**Task statement**
When you reach the line containing "British Royalty. King", begin reproducing the lines exactly and continue through the end of the listing, leaving out the pictures.
*** Opening Given data ***
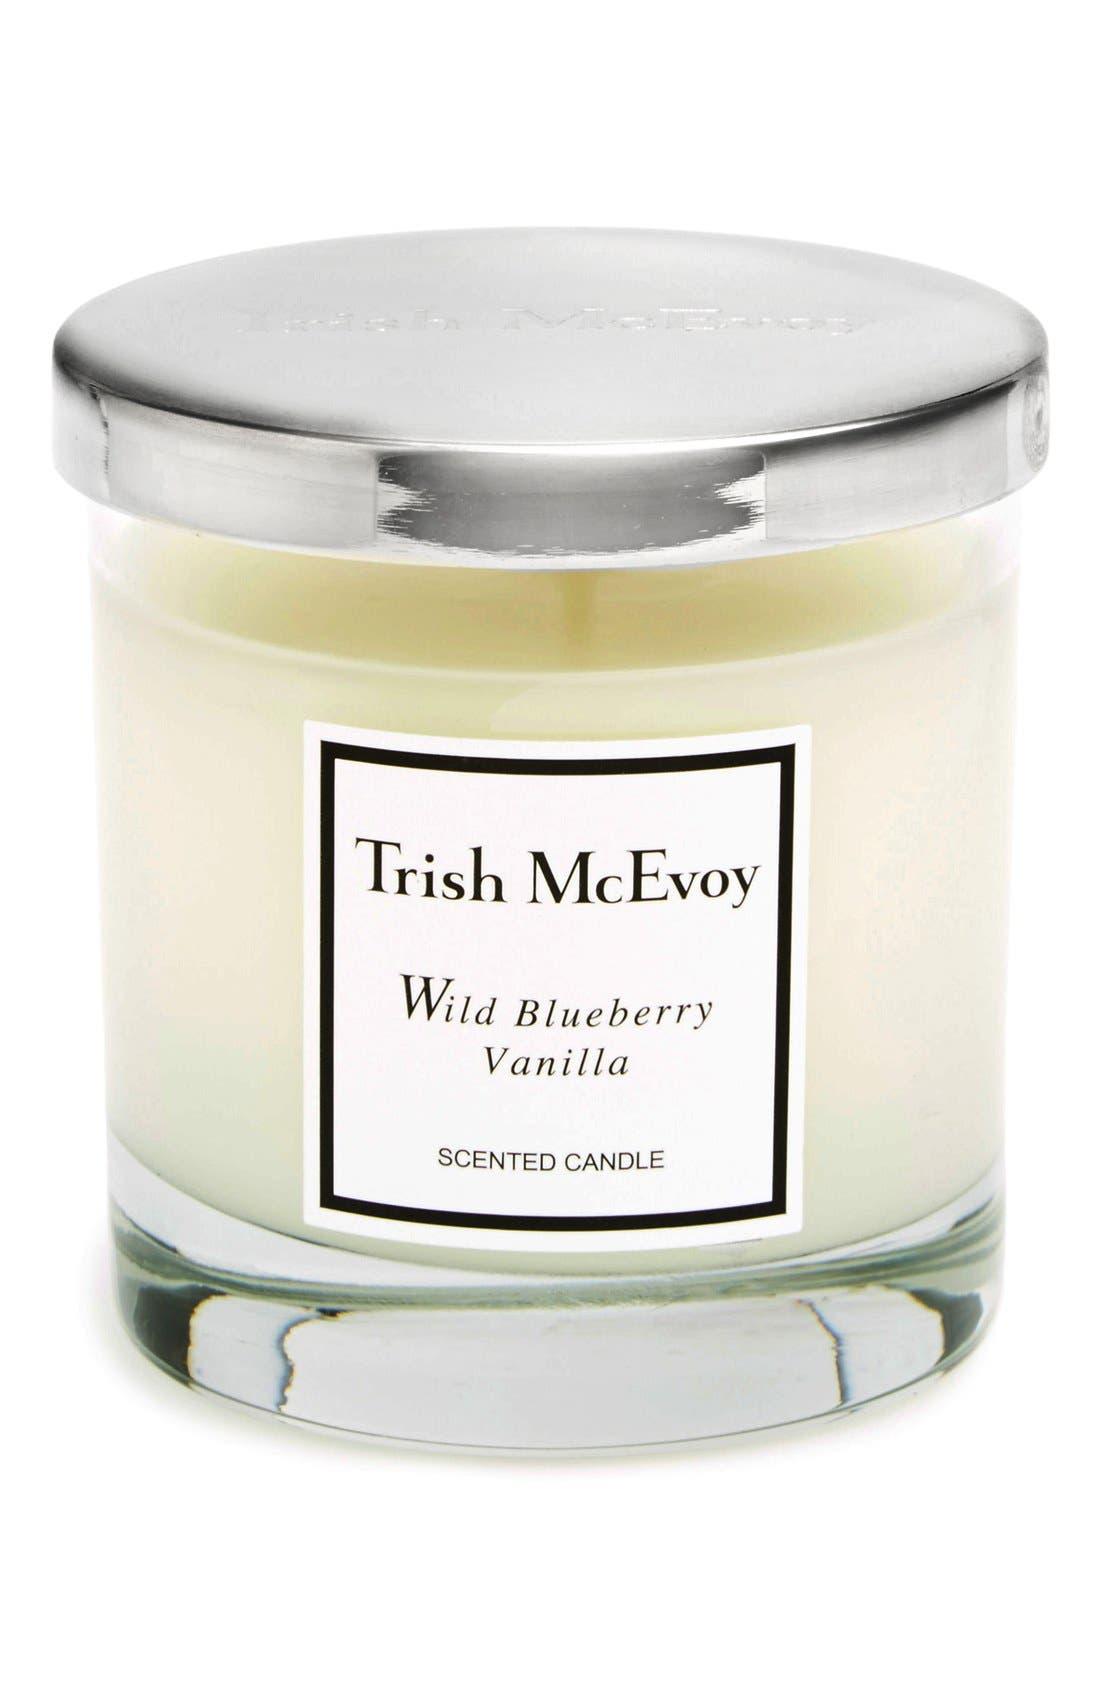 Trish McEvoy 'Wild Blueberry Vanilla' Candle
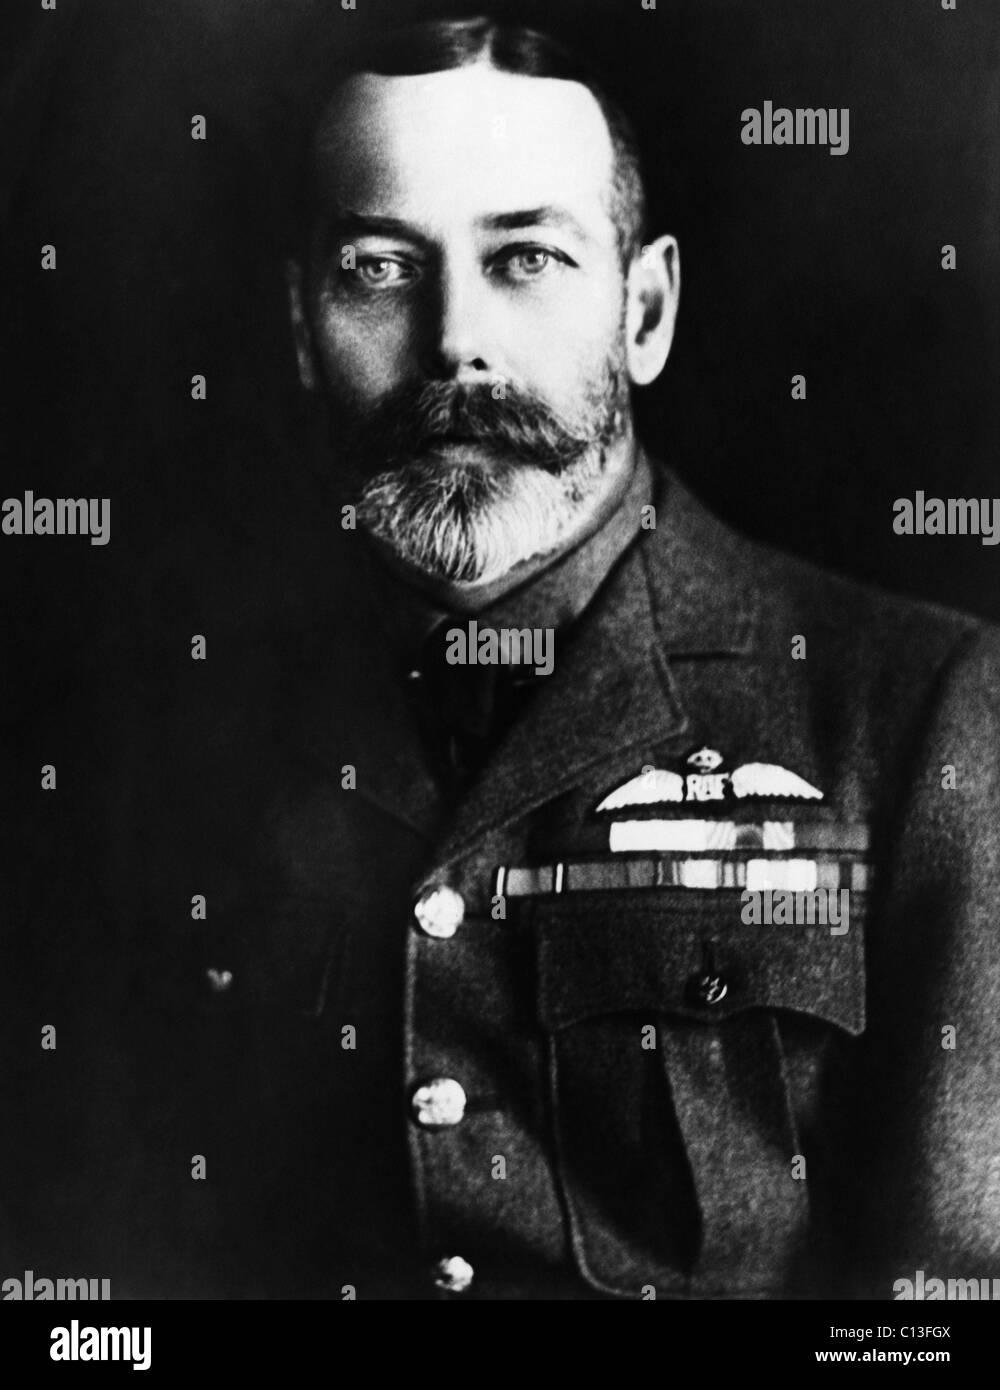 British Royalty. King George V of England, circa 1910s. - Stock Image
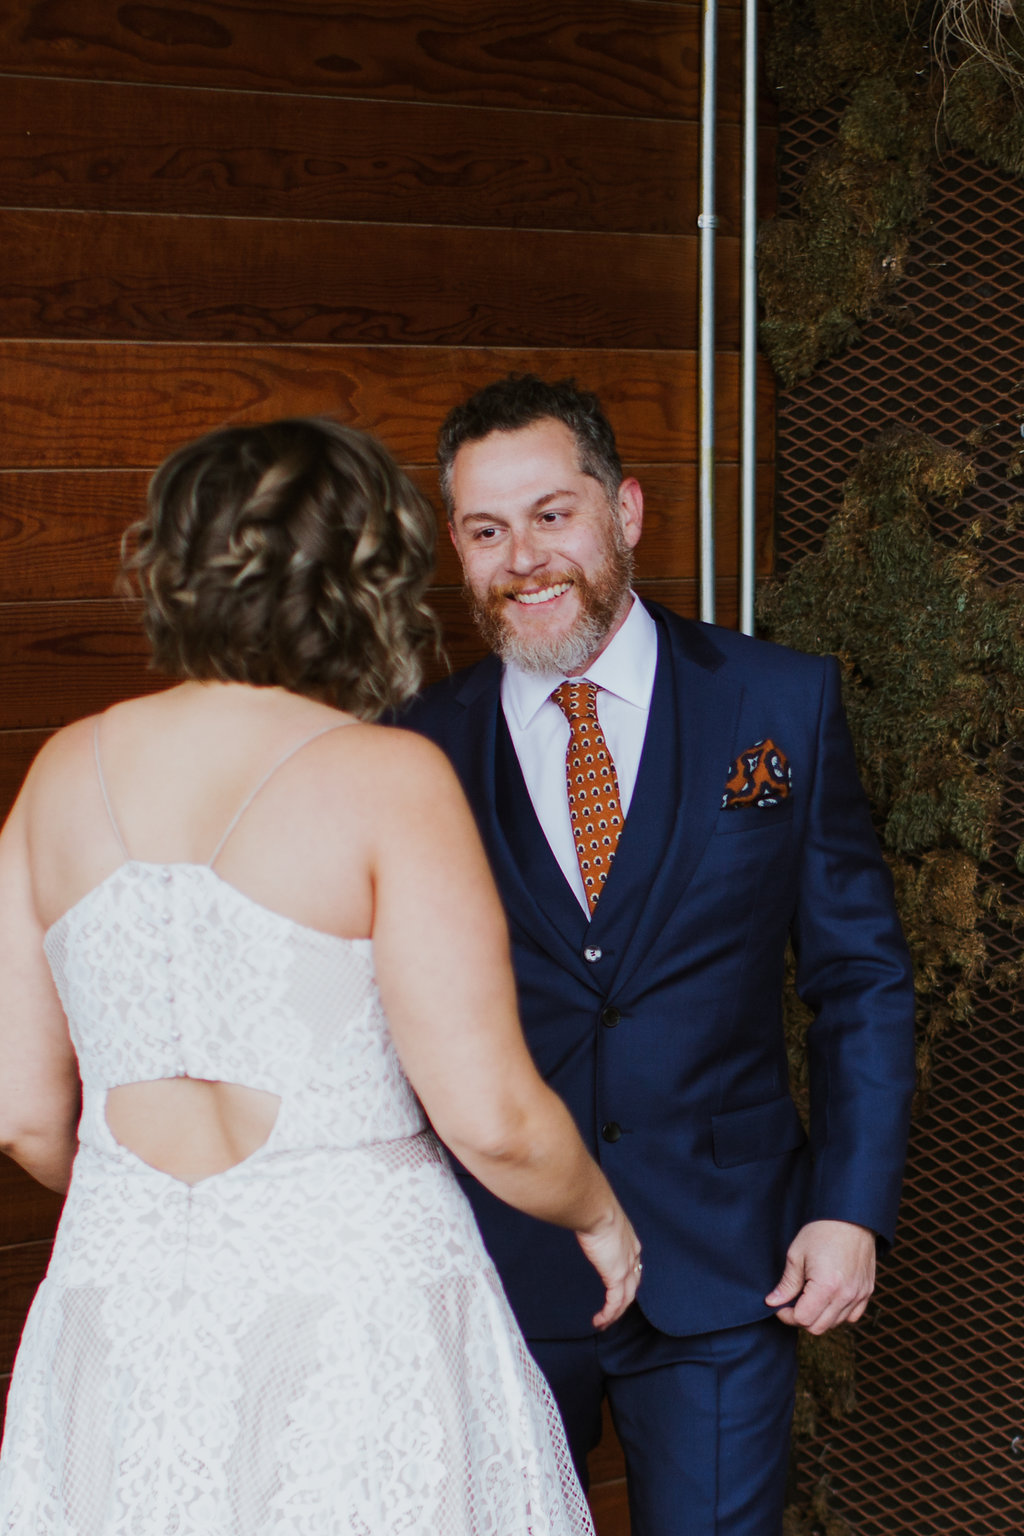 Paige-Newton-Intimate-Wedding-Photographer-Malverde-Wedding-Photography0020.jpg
*** Closing Given data ***
**Written response**
 British Royalty. King George V of England, circa 1910s. - Stock Image
 Paige-Newton-Intimate-Wedding-Photographer-Malverde-Wedding-Photography0020.jpg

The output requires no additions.